72.      In that regard, in its judgment in Kyrian, (49) the Court held that it ‘cannot be ruled out that, exceptionally, the bodies of the Member State in which the requested authority is situated will be authorised to review whether the enforcement of the instrument is liable, in particular, to be contrary to the public policy of that last mentioned State and, where appropriate, to refuse to grant assistance in whole or in part or to make it subject to fulfilling certain conditions’. (50) According to the Court, ‘it is hard to imagine that an instrument permitting the enforcement of the claim would be enforced by that Member State if that enforcement were liable to be contrary to [its] public policy’. (51) In a subsequent judgment, the judgment in Donnellan, (52) the Court applied that principle and authorised such a refusal where the implementation of the provisions of the directive on mutual assistance led to an infringement of fundamental rights owing to failure to notify the person concerned, namely Article 47 of the Charter of Fundamental Rights of the European Union. (53) In doing so, the Court applied its standard case-law on the limitation of the principle of mutual confidence (54) in a context in which the application of that principle led to a possible infringement of fundamental rights.

73.      Nonetheless, in the present case, the Court is required to determine whether there are grounds for refusing such a request for assistance where it is established that there is a duplication of a tax claim relating to excise duties. (55) Where the Member State applies EU law, may such a duplication constitute a ground for refusing a request for assistance relating to the collection of tax? In that regard, before examining the hypothesis of a possible breach of public policy or fundamental rights, I consider it appropriate to ascertain whether the answer to that question may not arise from the relevant provisions of secondary law.

2.      The obligation for the bodies of the applicant Member State to verify the competence of the authorities of that State

74.      In my view, the question referred for a preliminary ruling can be answered only in the negative.

75.      As already stated in points 47 to 50 of this Opinion, it follows from the structure of Directive 92/12 that a product subject to excise duty can be released for consumption only once, since excise duties are chargeable when a product is released for consumption, irrespective of whether it is released lawfully or irregularly. For the purposes of such chargeability, under Article 20 of Directive 92/12, the departure of products from the excise duty suspension arrangement as a result of an offence or irregularity committed in the course of their movement is treated as the release of those products for consumption. However, as stated in point 56 of this Opinion, in accordance with that provision, only the first offence or irregularity resulting in the departure of the products in the course of movement from the excise duty suspension arrangement is considered to be relevant. Nonetheless, the existence of disputes concerning the determination of the place of such an offence or such an irregularity cannot be precluded in practice.

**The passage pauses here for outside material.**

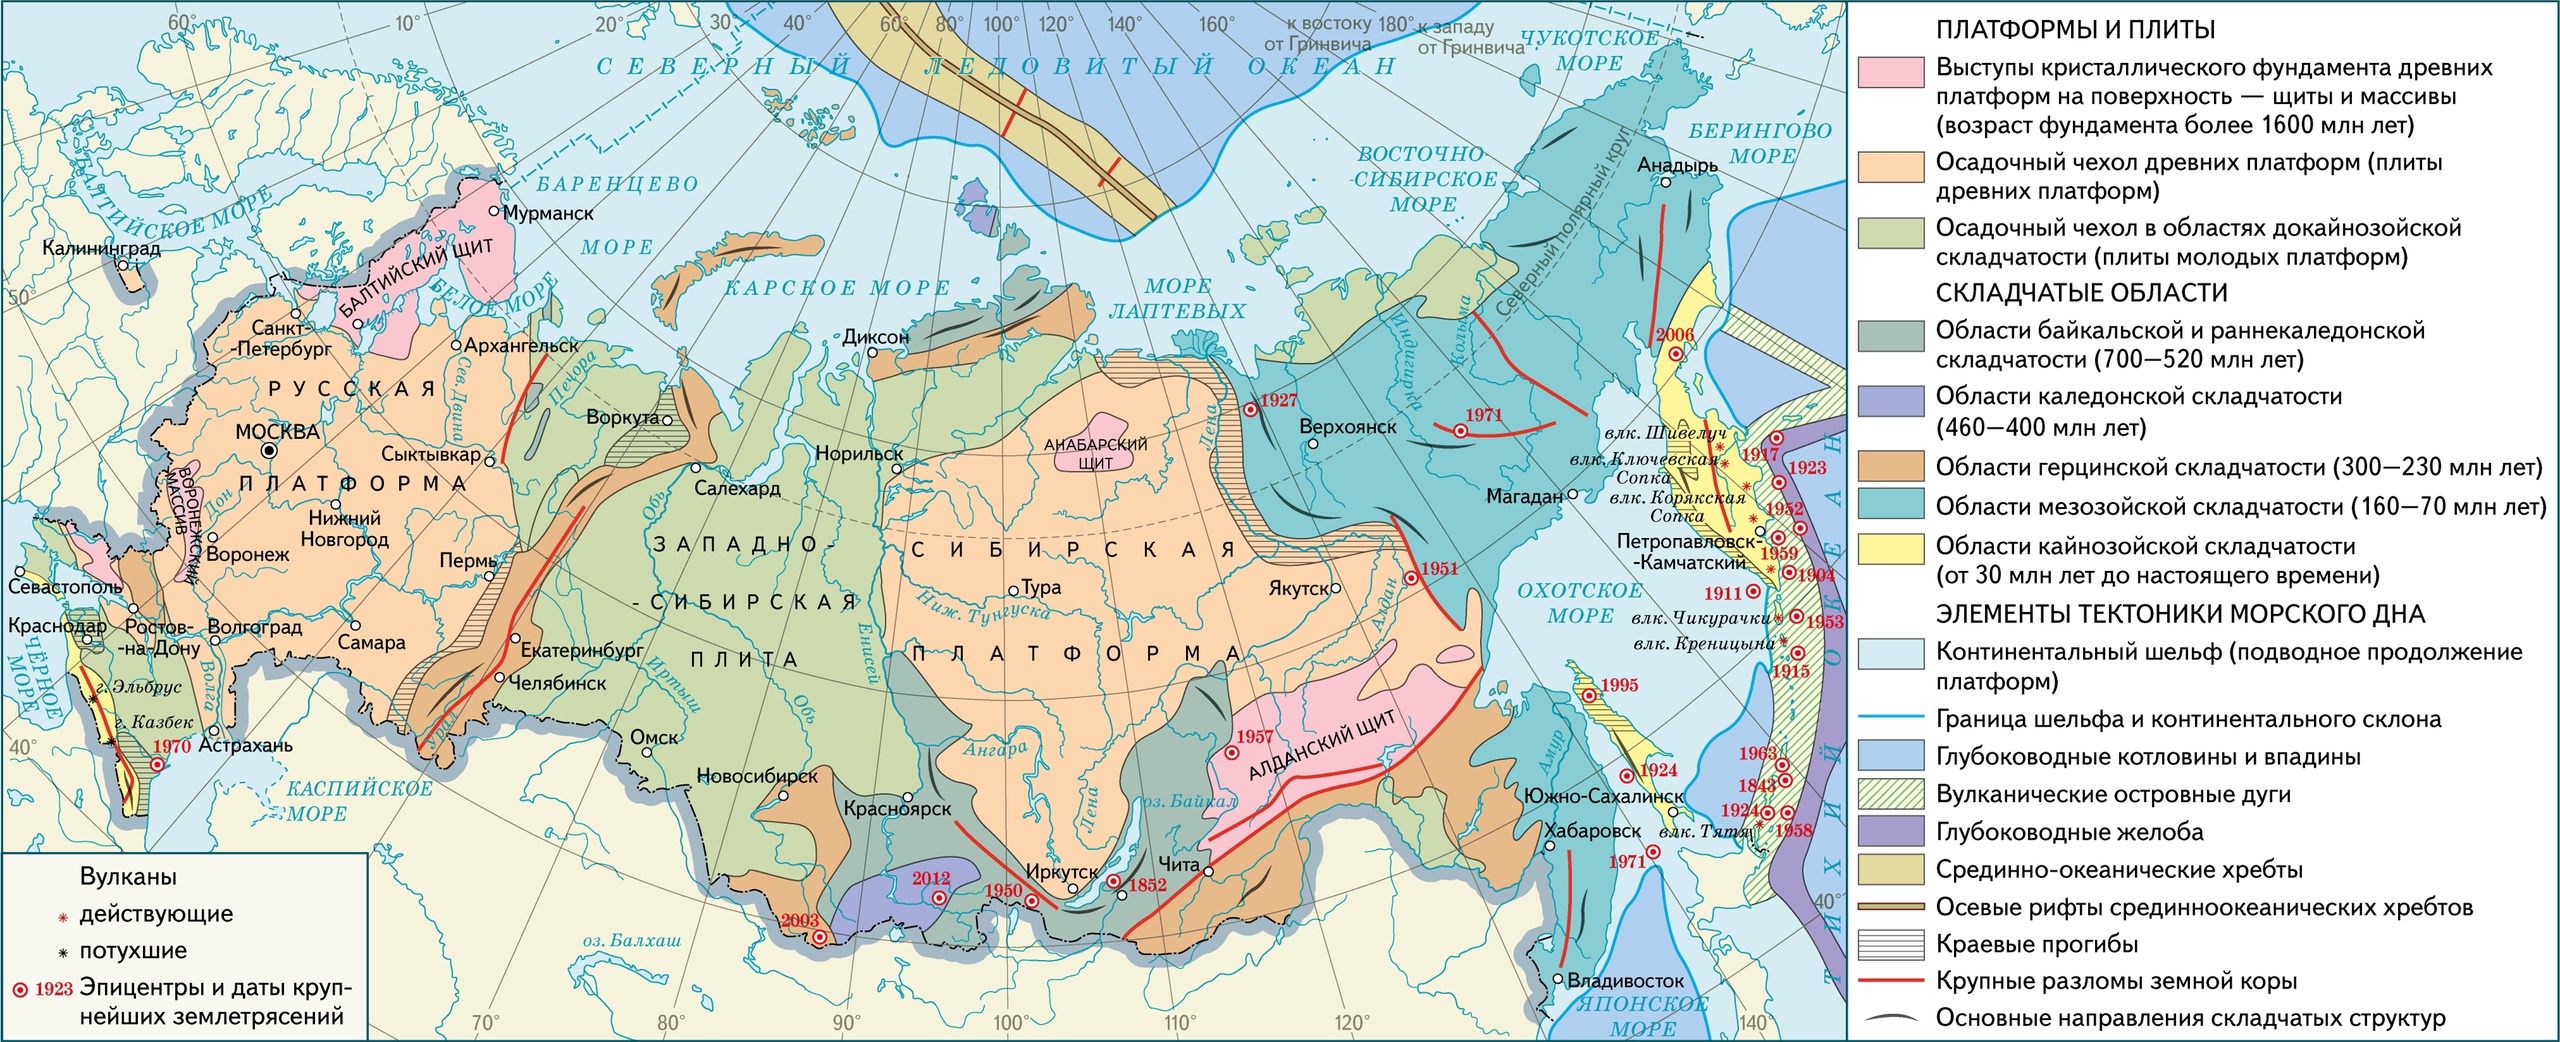 Тектоническое строение территории России, карта 2022
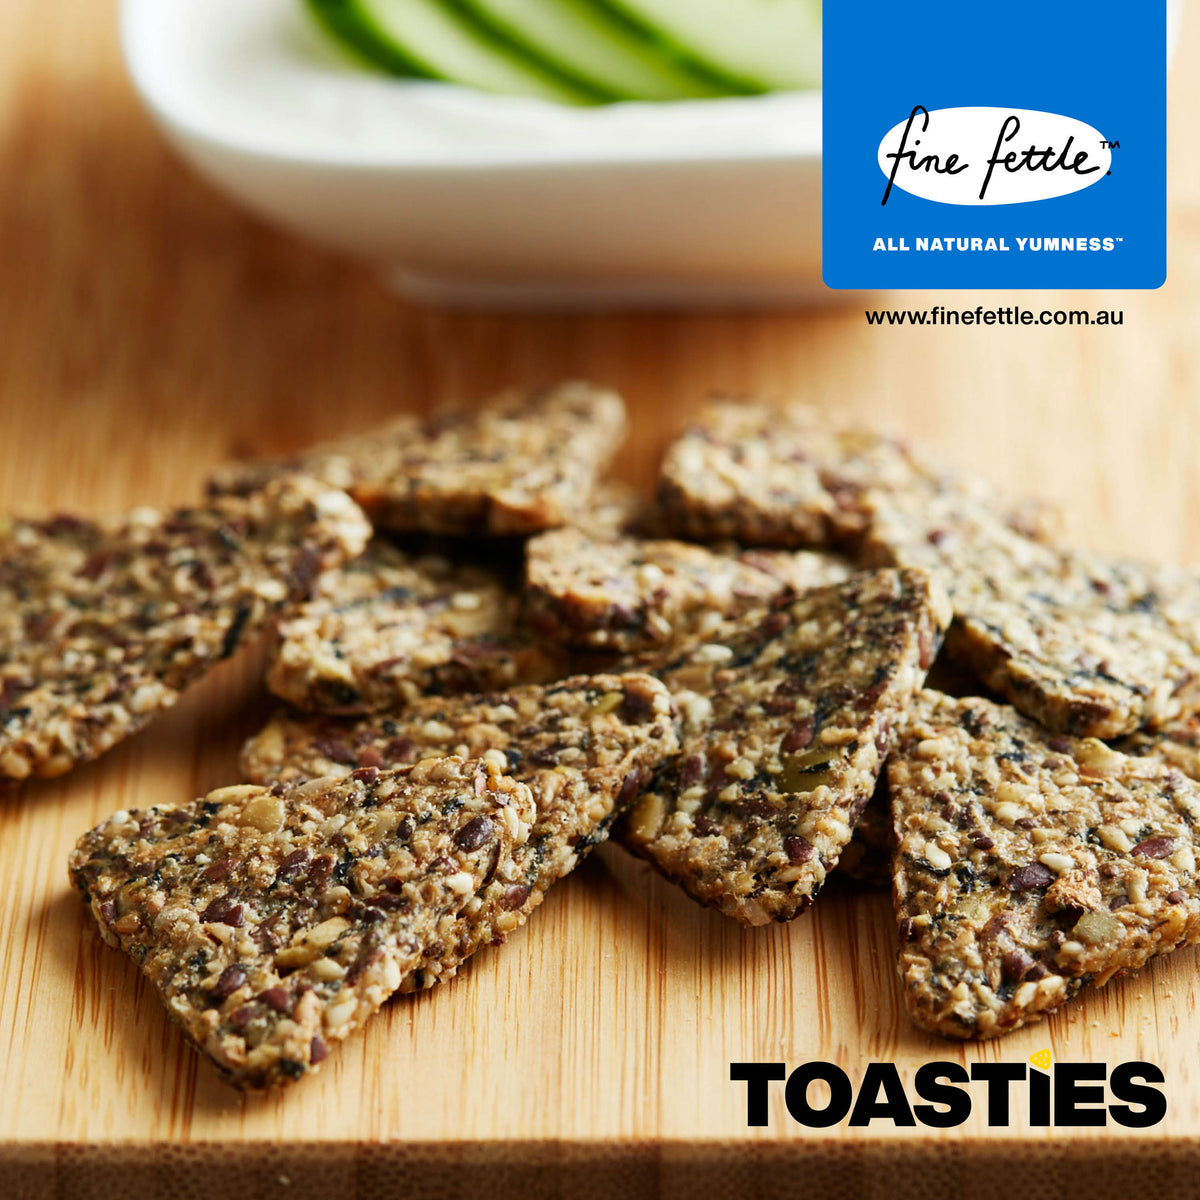 Seaweed Toasties - Healthy Crackers

76.      Therefore, in order to answer the question submitted by the referring court as to whether the court of the requested State may verify, in the context of the procedure relating to the examination of the lawfulness of the measures enforcing recovery, the determination of the place where the offence or irregularity was committed, it is appropriate, as regards the provisions of Directive 76/308 referred to in points 67 to 70 of this Opinion, to decide whether such a determination concerns the claim, the instrument permitting its enforcement or enforcement measures, within the meaning of Article 12 of Directive 76/308. In my view, the answer to that question may be inferred from the provisions of Directive 92/12 taken as a whole and, in particular, from Articles 6 and 20, the purpose of which, as I have already stated, is to determine the Member States’ powers to levy excise duties on the products covered by that directive.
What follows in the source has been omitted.